Réunis en urgence vendredi 11 mars, les ministres de l’Agriculture du G7 ont mis en garde contre les tentations de restriction aux exportations et les comportements spéculatifs des marchés. Il a aussi été question de diminuer la part des terres européennes mises en jachères. Une obligation rendue obligatoire par la PAC en 1992 et générant de l'incompréhension chez les agriculteurs français dès 1988.

1988 : un remède à la surproduction

Le sujet en tête d'article date de l'annonce de cette décision en juillet 1988, par le ministre de l'Agriculture, Henri Nallet. Cette année-là, l'Europe des 12 fait un constat : on produit trop ! Elle lance l'idée que ses pays membres mettent une partie de leurs terres arables en jachère pour un an. L'objectif est de diminuer les excédents agricoles qui coûtent chers à la Communauté européenne. A l’époque, ce « gel des terres » repose sur du volontariat. Le plan prévoit que la France gèle « 6 millions d’hectares » sur 10 ans. Plusieurs questions émergent : comment demander à un agriculteur de pratiquer la non-culture et que faire de ces terres inexploitées ?

Il est alors prévu que 30% de terres soit ainsi rendues « stériles ». C'est une révolution. Du côté des agriculteurs, c'est l'incompréhension : « Nous sommes relativement sceptiques sur l’idée même de gel des terres, car c’est quand même contre nature pour un agriculteur, dont le travail, c’est de tirer le maximum du sol ». Pour le ministre, il ne s'agit que d'une expérimentation d'un an. Il se targue même d'avoir protégé les intérêts français face aux velléités européennes : « Mon programme a été considéré comme prudent, peut-être même comme frileux ».

Un alignement sur les cours mondiaux

Mais les choses vont s'intensifier en 1992, lorsque la PAC (Politique Agricole Commune) qui garantissait depuis 30 ans les prix de vente à l'intérieur de la CEE change complètement. Les agriculteurs céréaliers sont sommés de geler 15% des surfaces exploitées ou de payer une amende.

L'archive ci-dessous explique les raisons de la mise en application du système de jachères dans les pays producteurs de céréales européens. Dorénavant, les prix devront être « alignés à la baisse » sur les cours mondiaux. Pour compenser la perte de leurs revenus, la PAC s’engage à leur verser une aide compensatoire. Cette réforme, ajoutée à d'autres (quotas sur le lait, baisse du prix de la viande bovine), est dure à avaler pour les agriculteurs. Le sujet parle de véritable «état de choc». Le commentaire précise qu'en creux cette décision est avant tout une victoire des Américains dans les négociations régissant le commerce international des marchandises.

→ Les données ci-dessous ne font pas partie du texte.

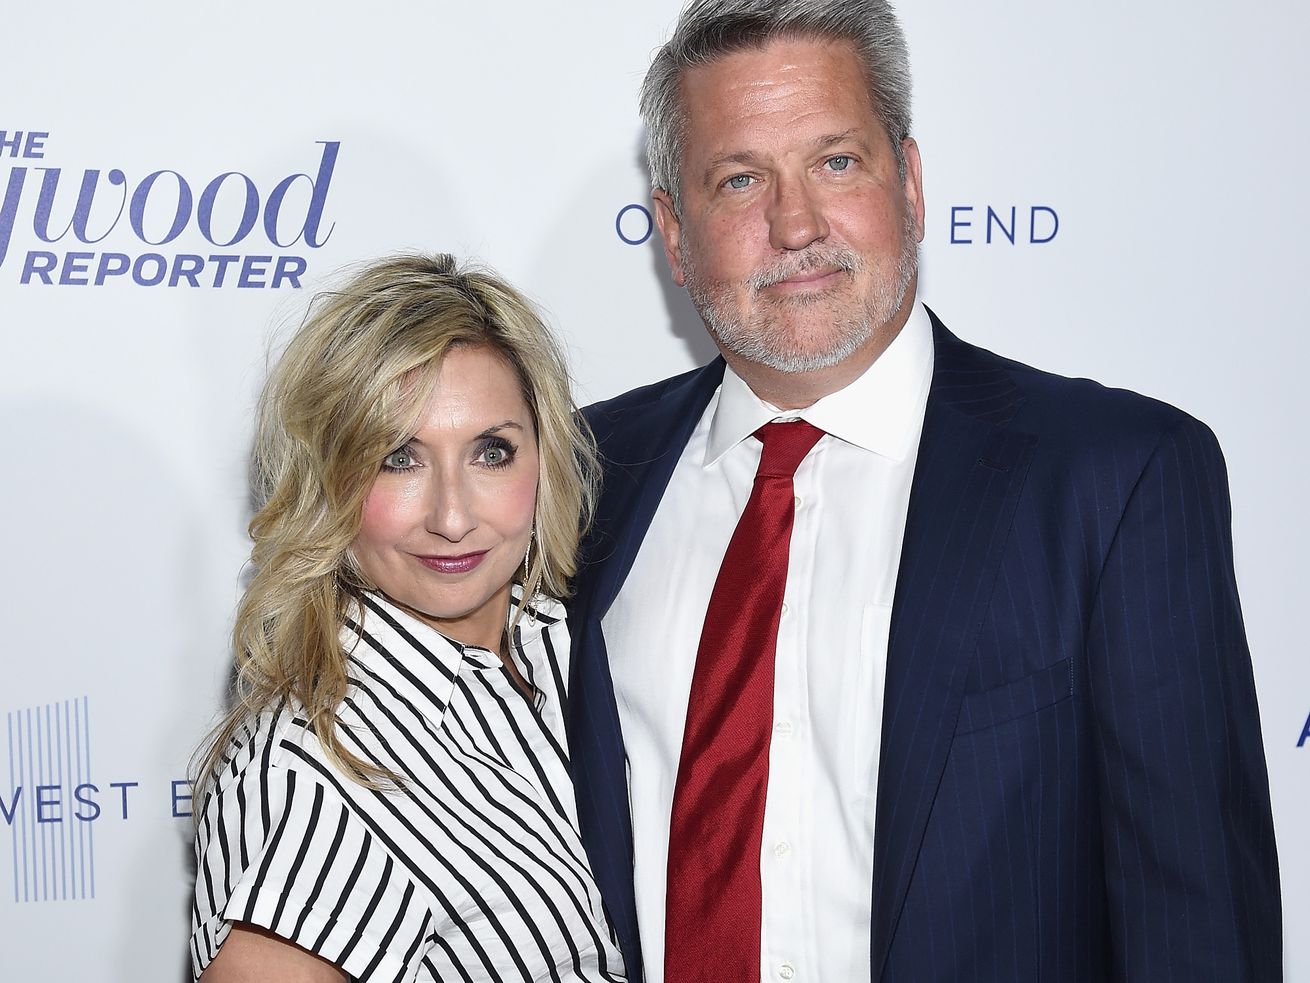 Bill Shine covered up sexual harassment at Fox News for decades until the plot blew up in his face

Le ministre de l’Agriculture, Louis Mermaz, reconnait que dans une économie concurrentielle les « prix d’intervention » vont baisser mais rassure les agriculteurs, ils seront « intégralement compensés par des aides à l’exploitation ».

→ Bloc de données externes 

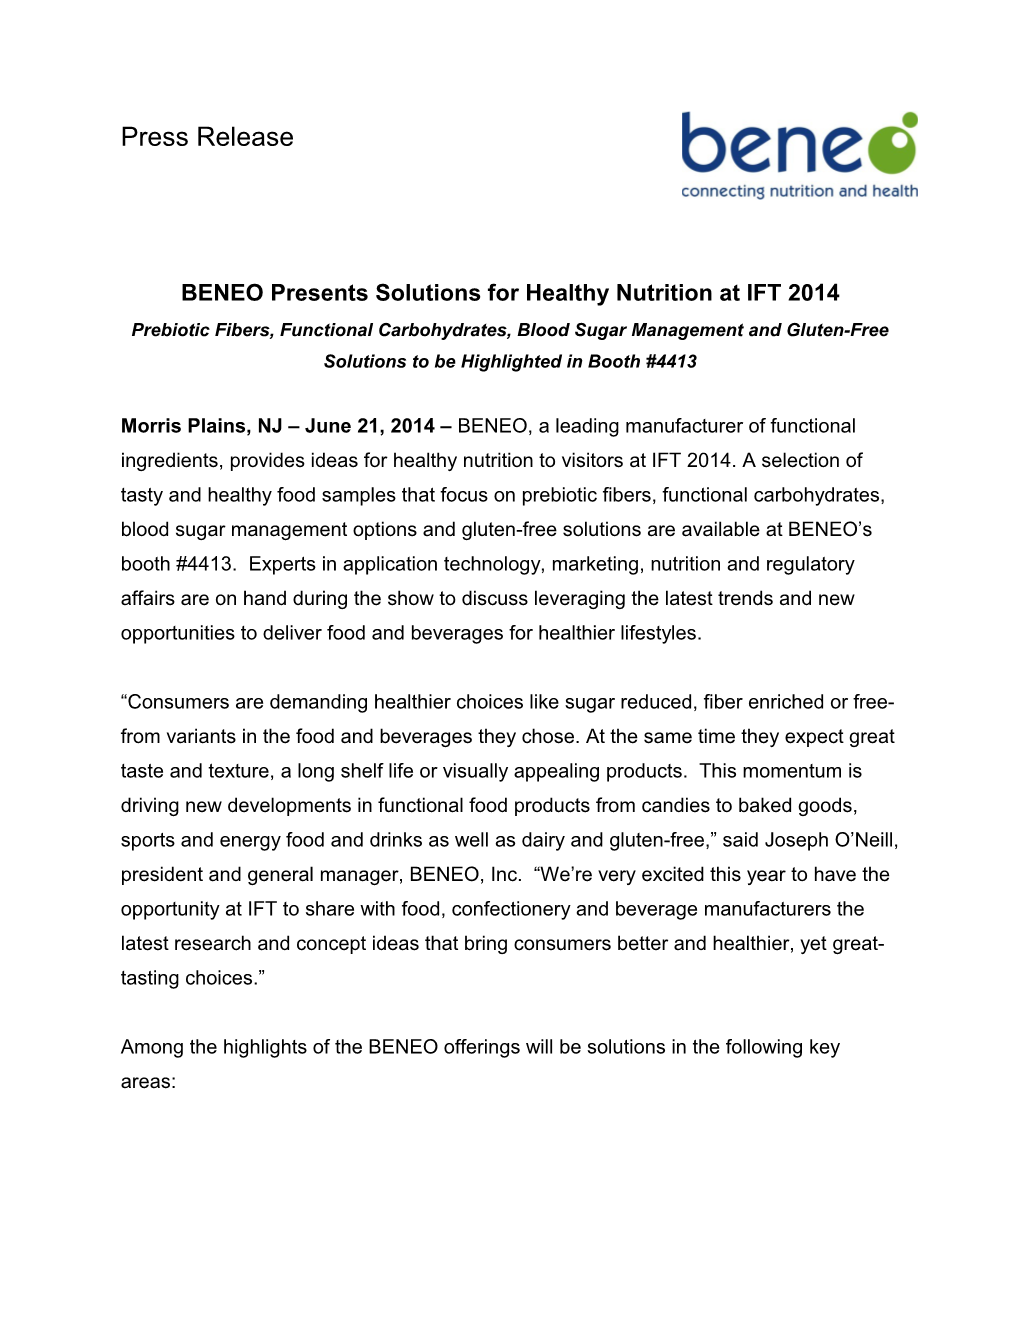 BENEO Presents Solutions for Healthy Nutritionat IFT 2014

Mécontents, les agriculteurs manifestent partout en France, comme ici à Caen, devant la préfecture, en octobre 1992. Leur slogan : « N’oublions pas la terre ». Le préfet reçoit en « cadeau » un sol de friche avec des ronces et des chardons.

En 1993, les jachères sont effectives. Les chambres d’agriculture offrent des « cours de sensibilisation » aux agriculteurs pour leur apprendre à entretenir les jachères dont le sol ne doit pas rester à nu. Mais le « gel des sols » a toujours du mal à passer.

En 1998, les agriculteurs jugent toujours les jachères incompréhensibles. « Avoir des terres sans pouvoir les cultiver », c’est pour certains du « chômage forcé »  à une époque où les « charges, elles, sont toujours là » et où les aides versées par l’Europe ne compensent pas le manque à gagner.